* **YOUR OBJECTIVE**:
When you repeat the listing below, keep every word exactly and leave out each picture.

* **GIVEN INFORMATION**:
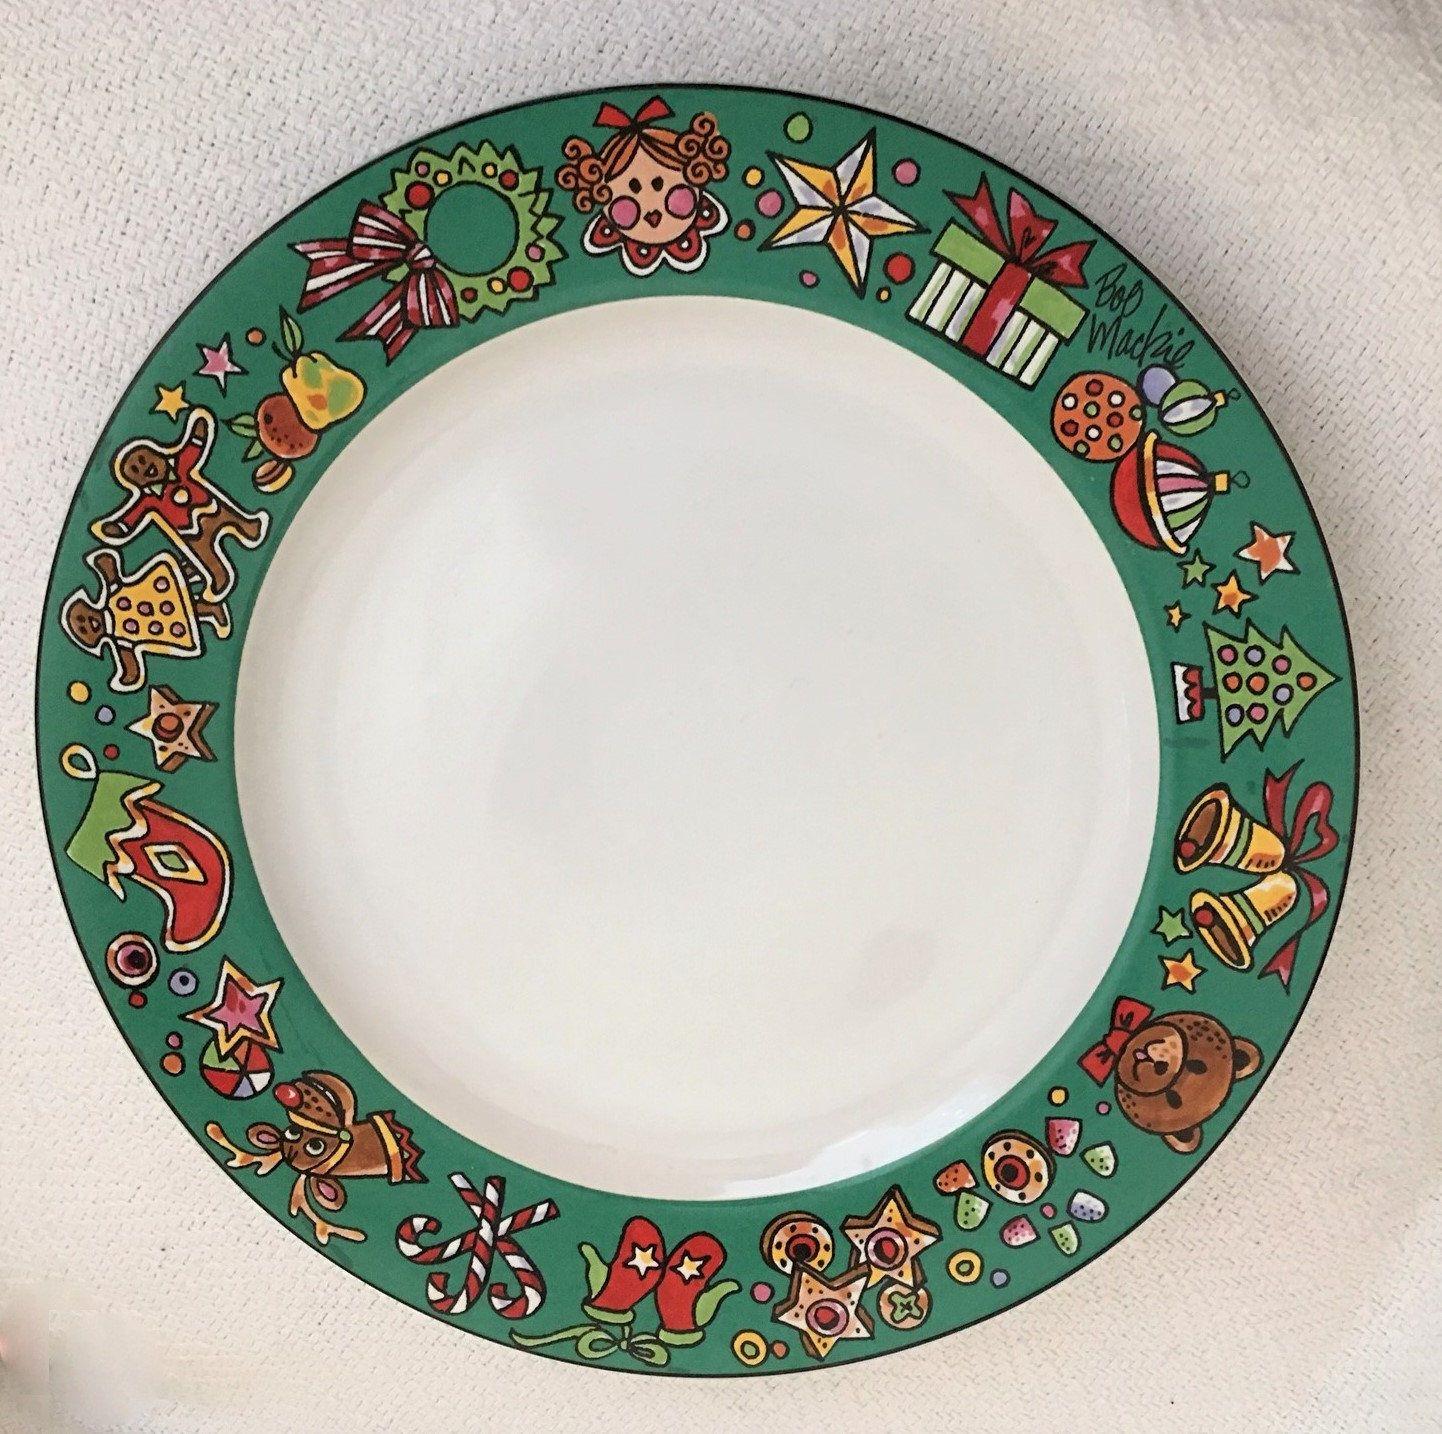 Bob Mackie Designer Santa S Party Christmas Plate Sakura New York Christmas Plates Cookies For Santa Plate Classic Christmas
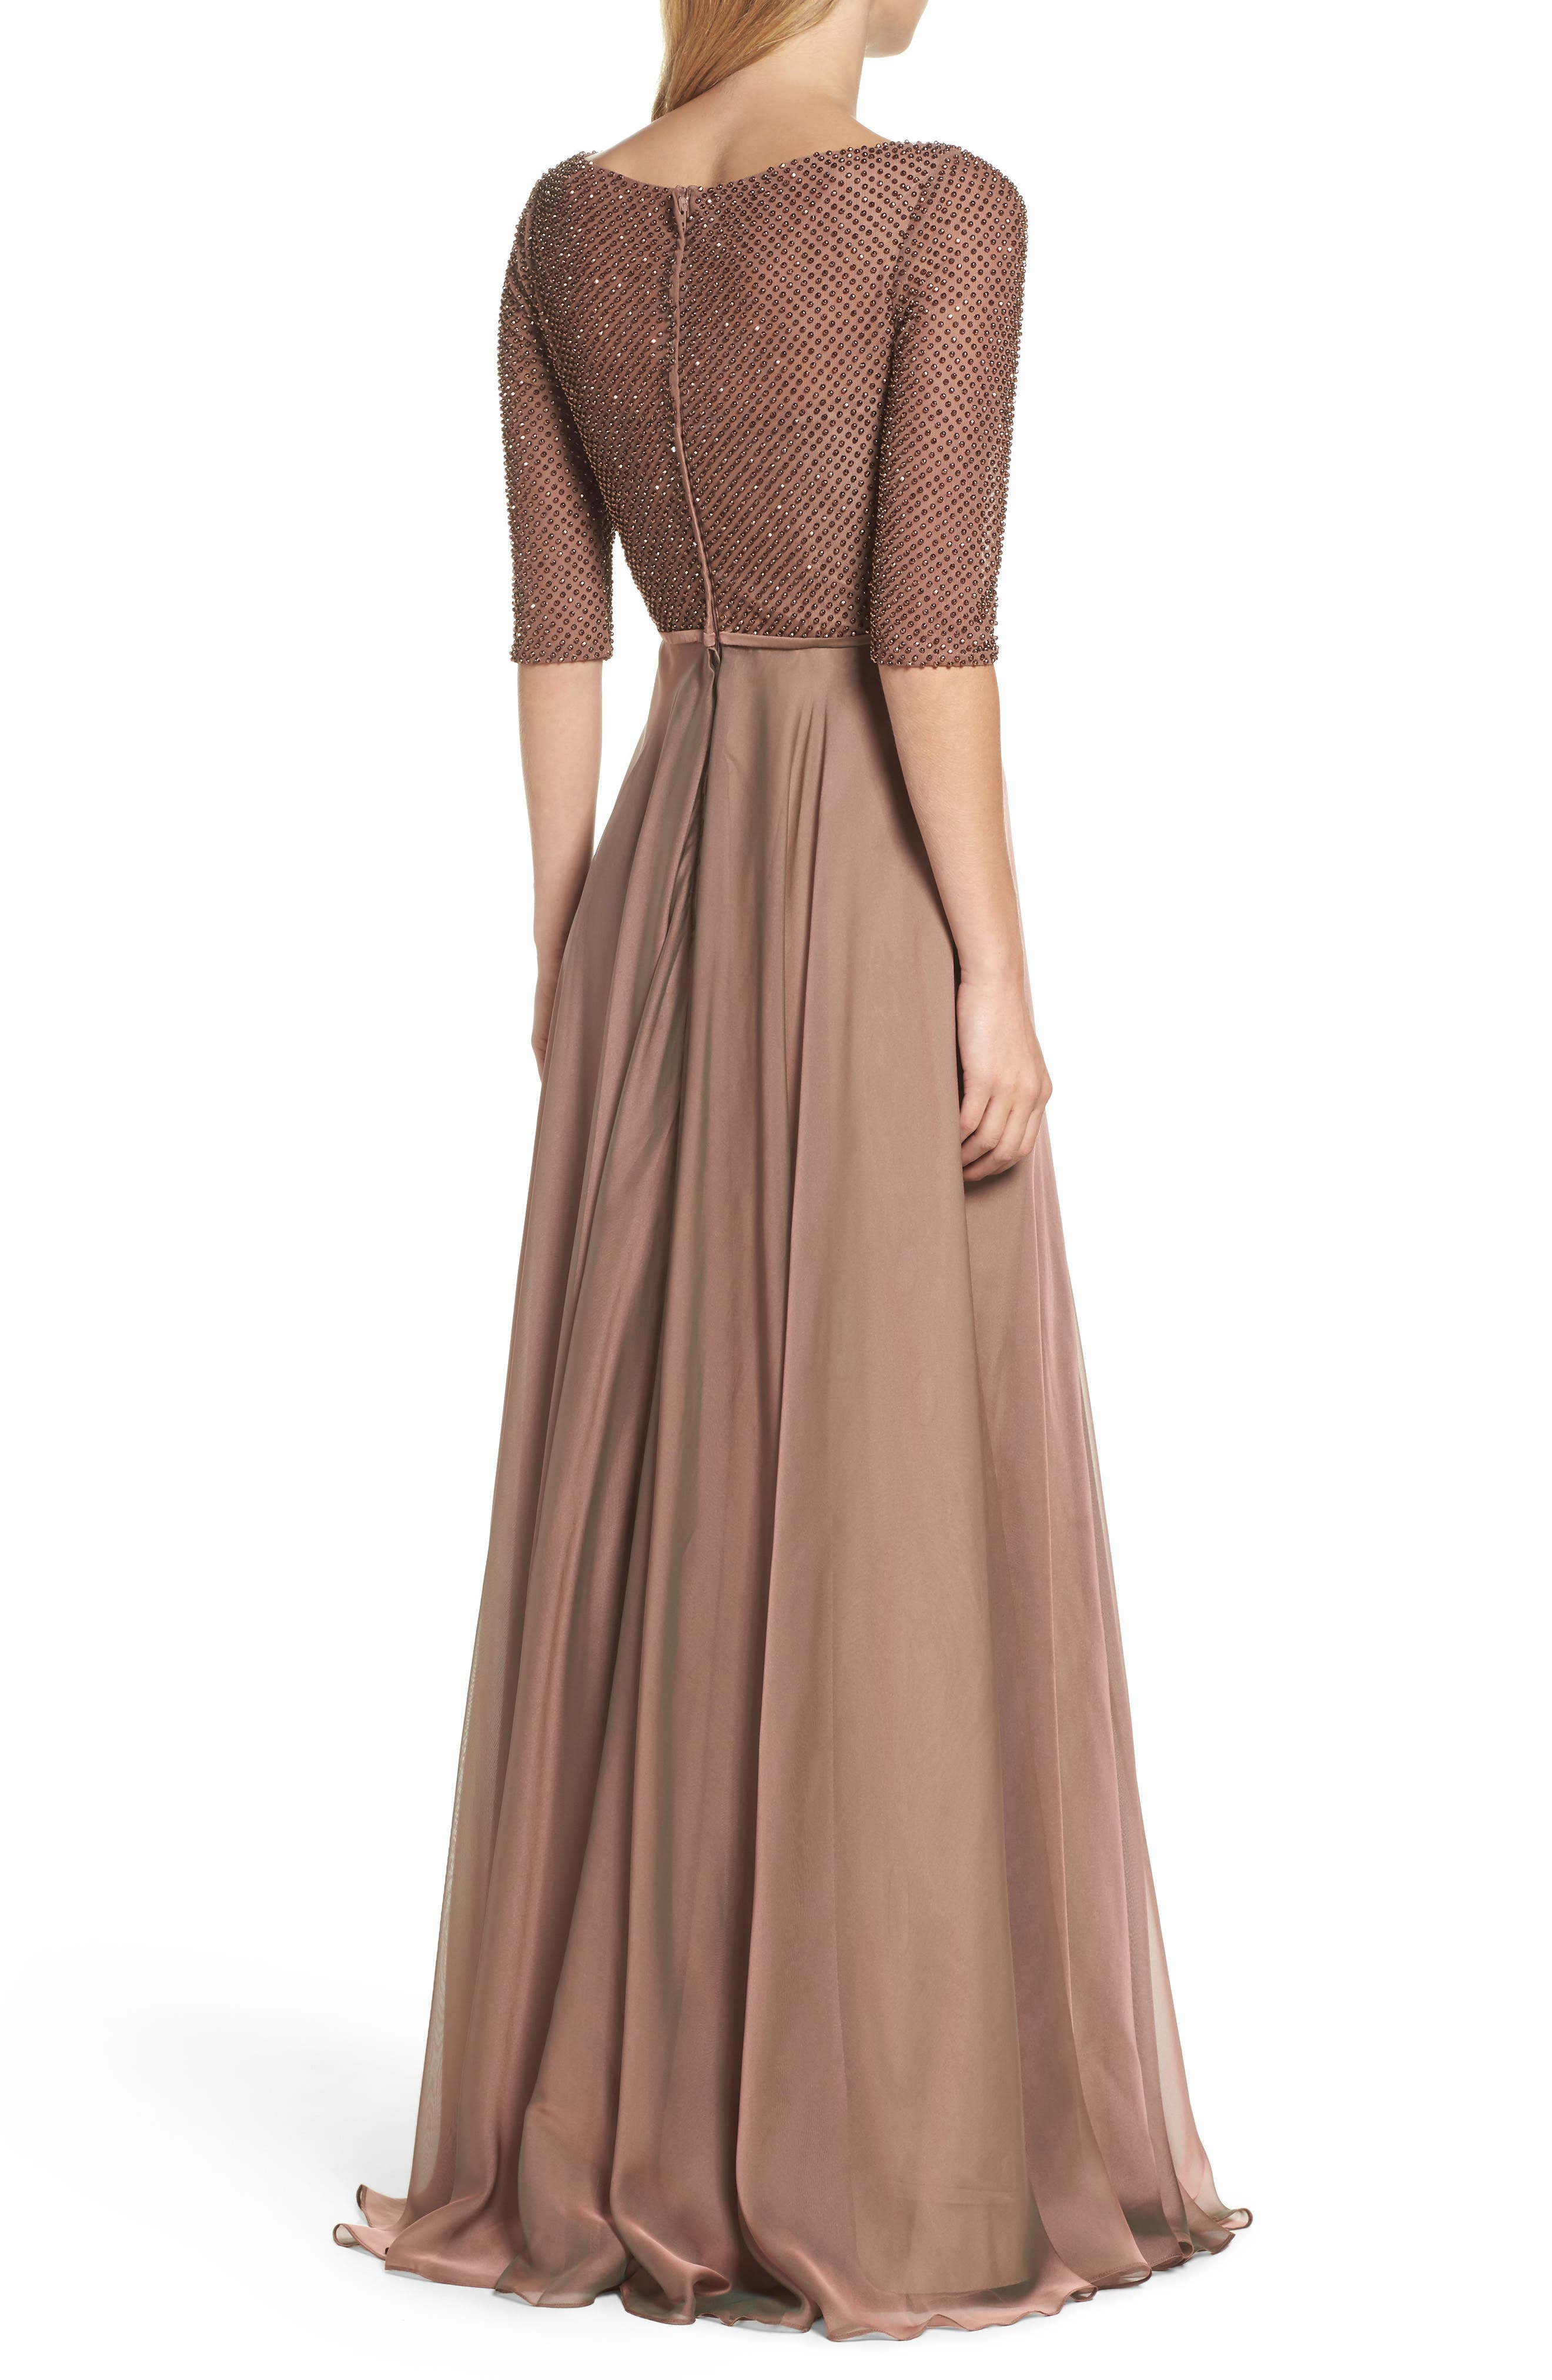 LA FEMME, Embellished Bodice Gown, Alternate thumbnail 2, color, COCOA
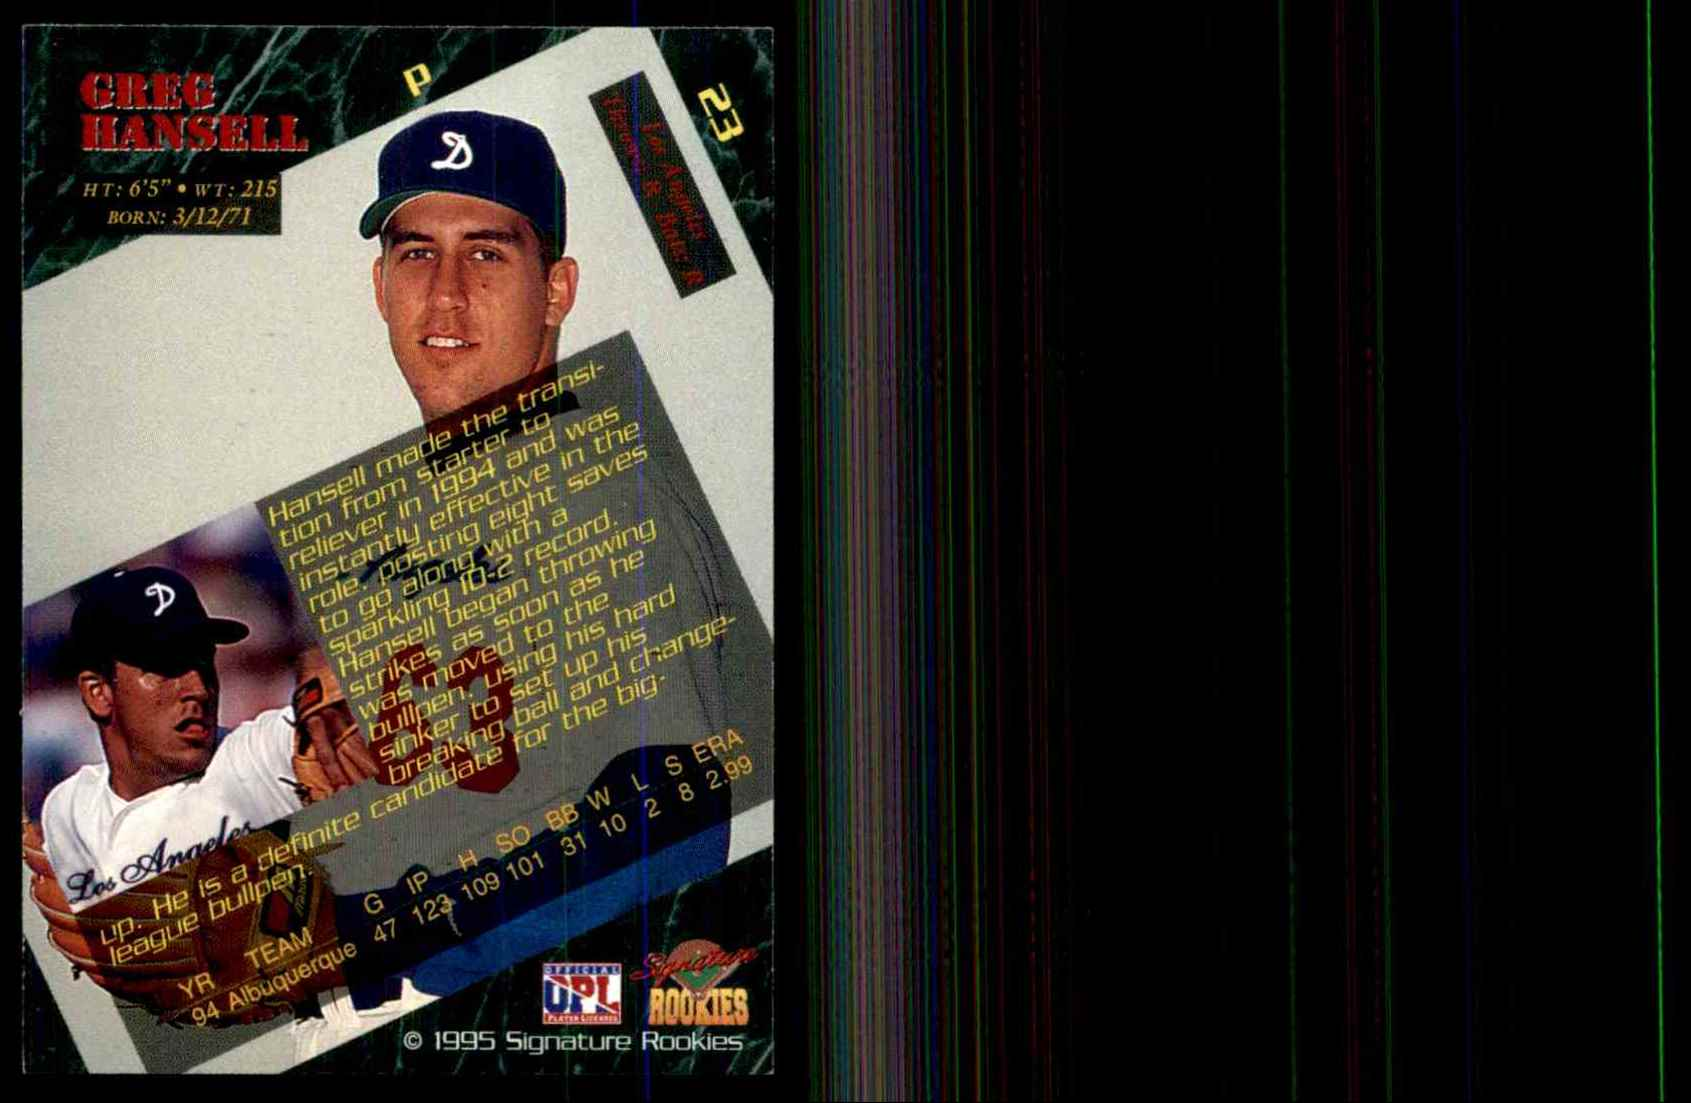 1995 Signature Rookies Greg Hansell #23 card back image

* **ANSWER SPACE**:
 Bob Mackie Designer Santa S Party Christmas Plate Sakura New York Christmas Plates Cookies For Santa Plate Classic Christmas
 LA FEMME, Embellished Bodice Gown, Alternate thumbnail 2, color, COCOA
 1995 Signature Rookies Greg Hansell #23 card back image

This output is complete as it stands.